Now, let’s talk money. Mobile Site Sniper wants you to pay upfront to access their software. This is a classic move in the scam playbook. You hand over your hard-earned cash, and they can keep it, whether or not you end up actually using the software. Sneaky, right?
So, while Mobile Site Sniper might not be screaming “scam” outright, there are enough sketchy elements to make you raise an eyebrow before diving in.
And here’s a tip: Check out recent posts on ScoopEarth about other products like The Last System, Easiest System Ever, and Secret Millionaire Bot. It’s always good to stay informed about what’s really going on in the online money-making scene.
Now, let’s tackle those unrealistic income claims. Mobile Site Sniper is boasting that you can rake in up to $500 per day using their system to build mobile websites. Sounds dreamy, doesn’t it? But hold on – many folks who’ve given it a shot report not even coming close to that kind of money. It’s a classic case of promises not matching reality.
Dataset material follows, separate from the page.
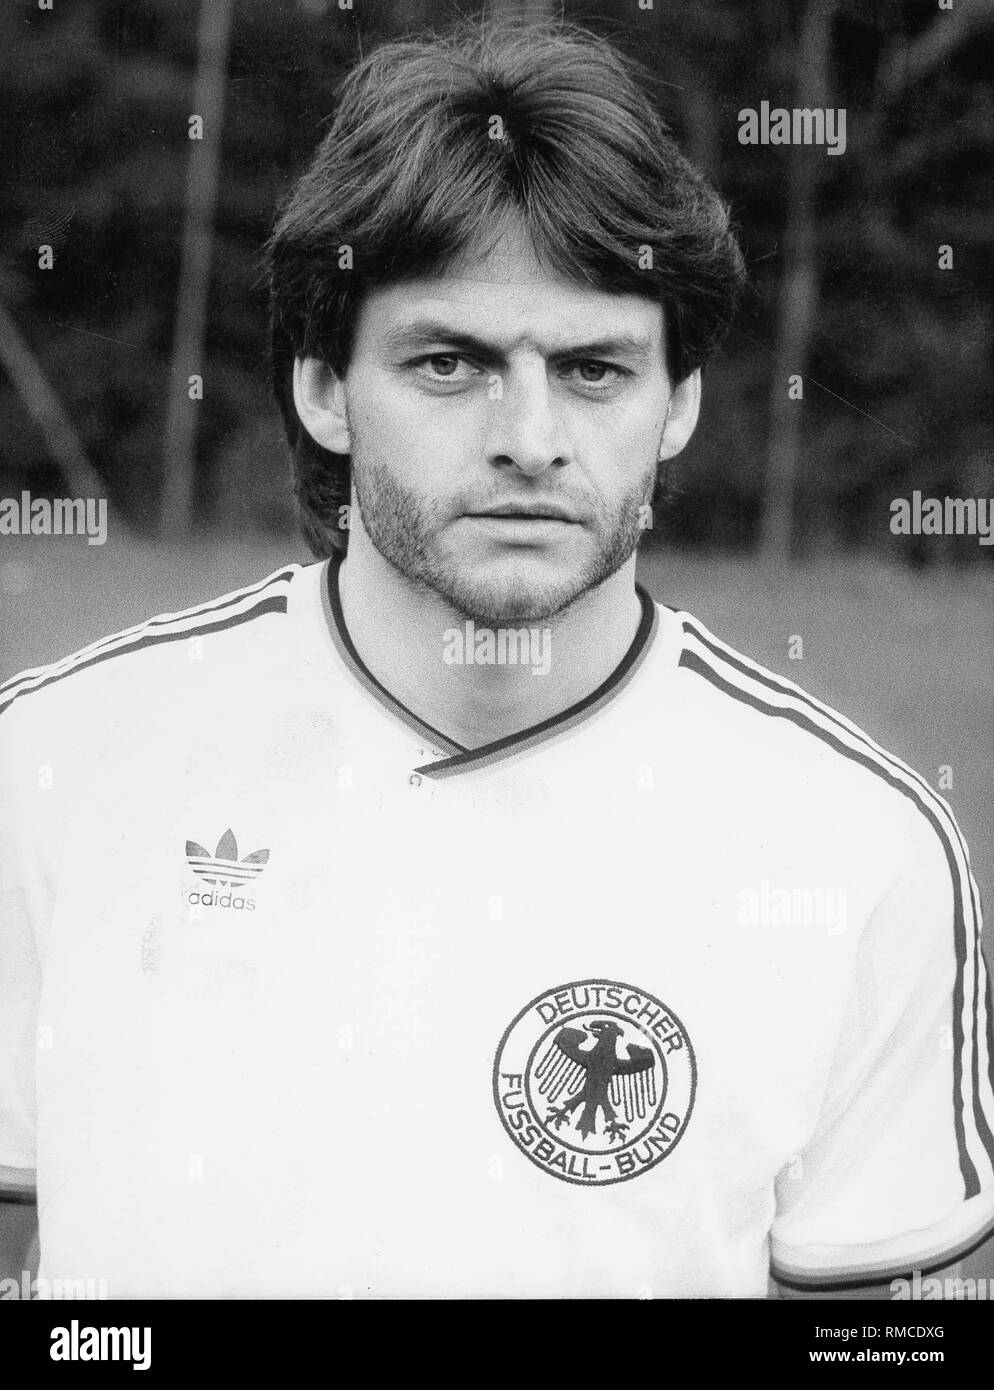 Mathias Herget in the jersey of the German national football team. Stock Photo
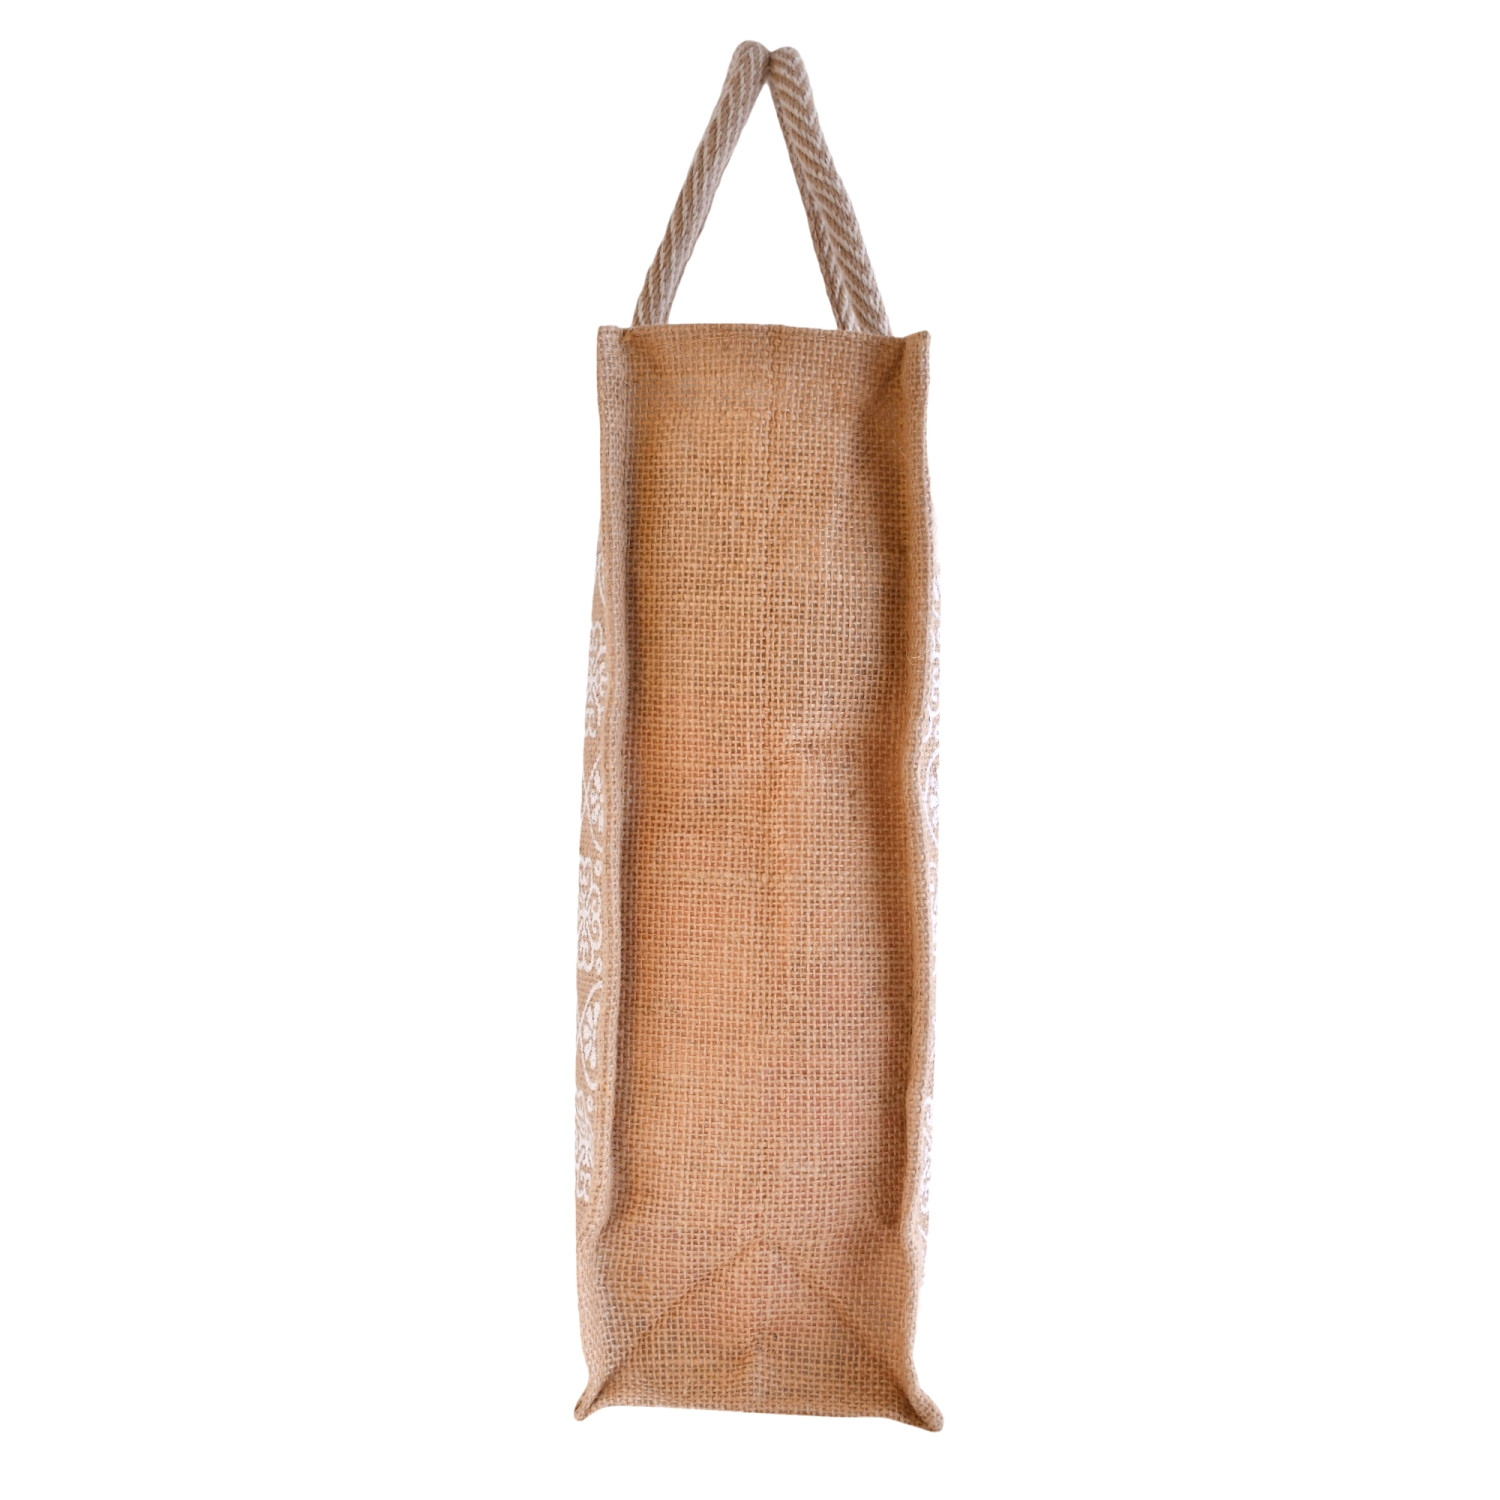 Kuber Industries Grocery Bag | Jute Carry Bag | Lunch Bags for Office | Zipper Grocery Bag with Handle | Vegetable Bag | White Flower Shopping Bag | Medium | Brown

Always be cautious when the numbers sound too good to be true – they often are.
Mobile Site Sniper. It’s basically a run-of-the-mill affiliate marketing system, crafted for folks just stepping into the world of making money through affiliate marketing.
Now, here’s the deal – the software and training it provides might be handy for someone who’s green to all of this. But here’s where it gets tricky – the way they hype it up could lead folks into having sky-high expectations. And guess what? Reality might not match up to those dreams, leaving people a bit let down when things don’t turn out as quick and breezy as they expected. Just a heads up to keep things real.